I've been thinking about ways to get more statistical code into
pspp. I think the way to do it is to have volunteers submit their code
as modules to us for review, much like journal submissions are
reviewed.

The people who so far have volunteered to write mathematical
code never did so because hooking their code into pspp is too
daunting. I spend most of my time hooking my own mathematical routines
into PSPP, rather than writing those mathematical routines. I see no
way to code this problem away: The process of writing the mathematical
modules requires a lot of study and work. Writing the mathematical
routines AND making them run with pspp is too much to ask potential
contributors, no matter how easy we make it.
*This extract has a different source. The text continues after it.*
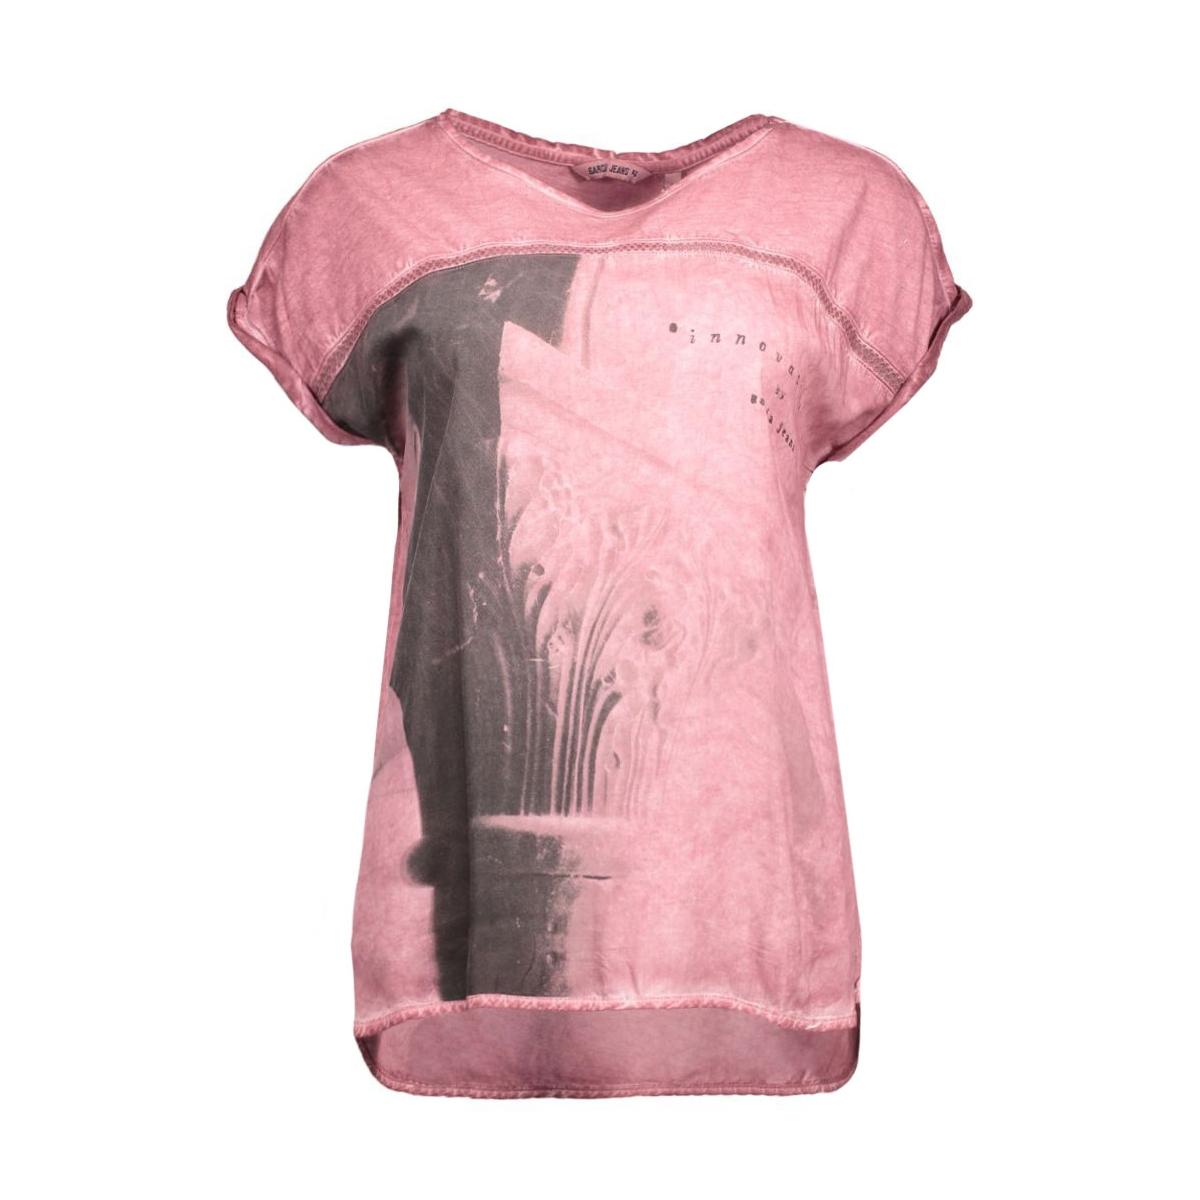 t60225 garcia t-shirt 1961 soft rose

On our side, development of the statistical routines is very slow,
mostly because of the time required to make those routines run inside
pspp, rather than because of the time required to write the math
itself. Any process that can get us more mathematical code would help
a lot.

There are plenty of students and statisticians who can write C or
Fortran routines to fit statistical models, and past posts to this
list show that plenty of them want to contribute. If we ask them to
submit their code, review it for correctness, send the authors the
copyright assignment forms, then put their code into pspp, the
addition of mathematical code will accelerate a lot.

I'm willing to review mathematical routines and hook them into pspp's
procedures. Maybe more people will be willing to review code in the
future. Perhaps other authors who contribute could act act as
reviewers, as the authors of peer-reviewed papers often do.
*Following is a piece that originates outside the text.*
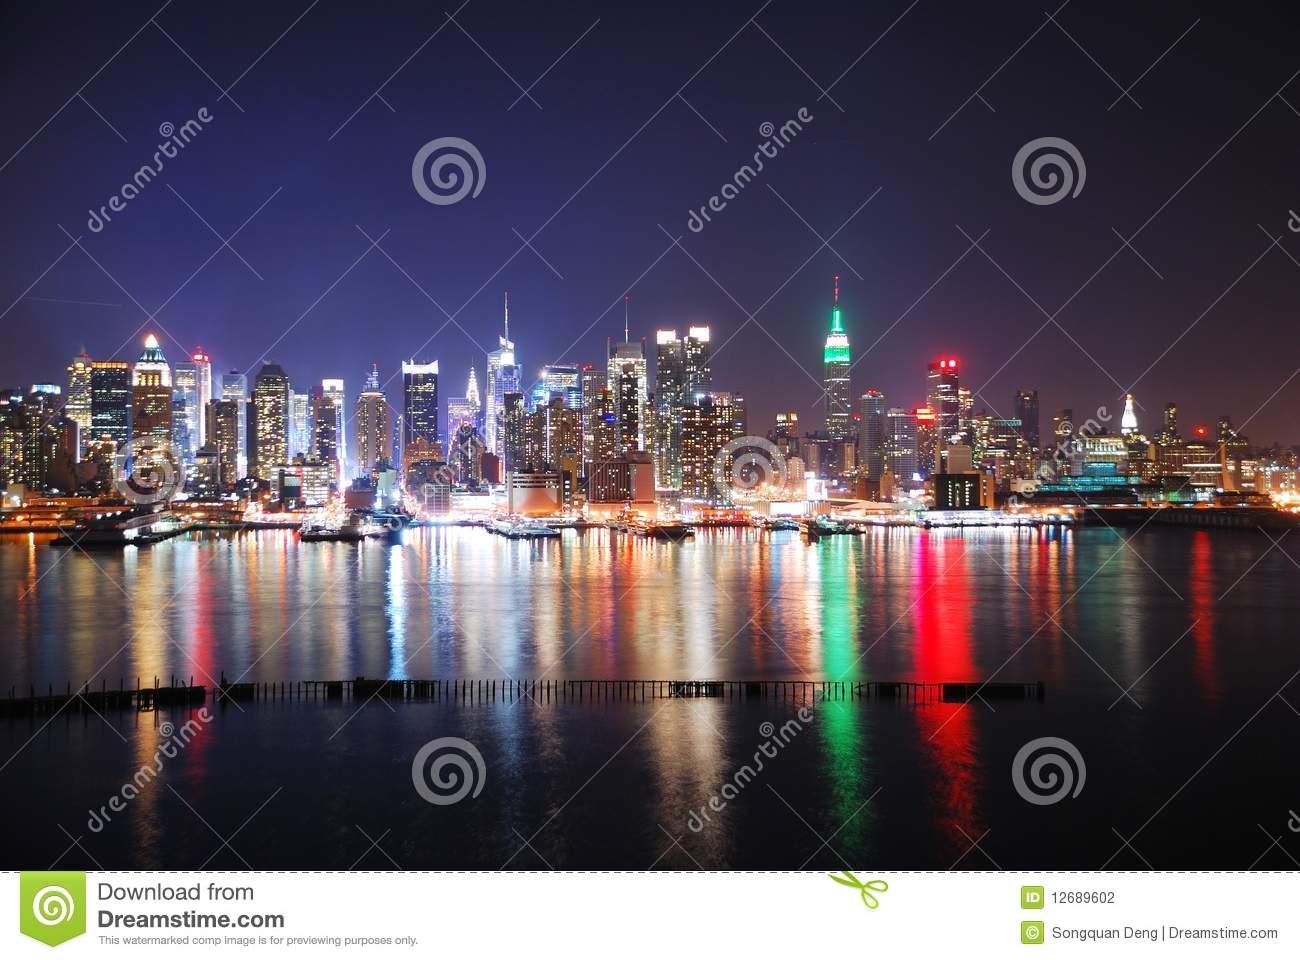 New york city night clipart.

I don't know what the requirements for authors should be, but I have a
few in mind:

        * Ask authors to follow the GNU coding standards. (This may
        require some leniency.)
        
        * Ask authors to code in C (what about Fortran?)
        
        * Ask authors not to rewrite basic prerequisite code that
        already exists in GSL. (E.g. code that computes probability
        density functions, or general-purpose conjugate gradient
        optimizers, or vector and matrix routines)

        * Ask authors to use comments liberally so we can see what
        they meant to do.

        * Tell authors that we will have to change their code to make
        it work with pspp, or if any bugs show up.

        * Ask for a bibliography in a comment so we can track down the
        sources to resolve any tricky problems.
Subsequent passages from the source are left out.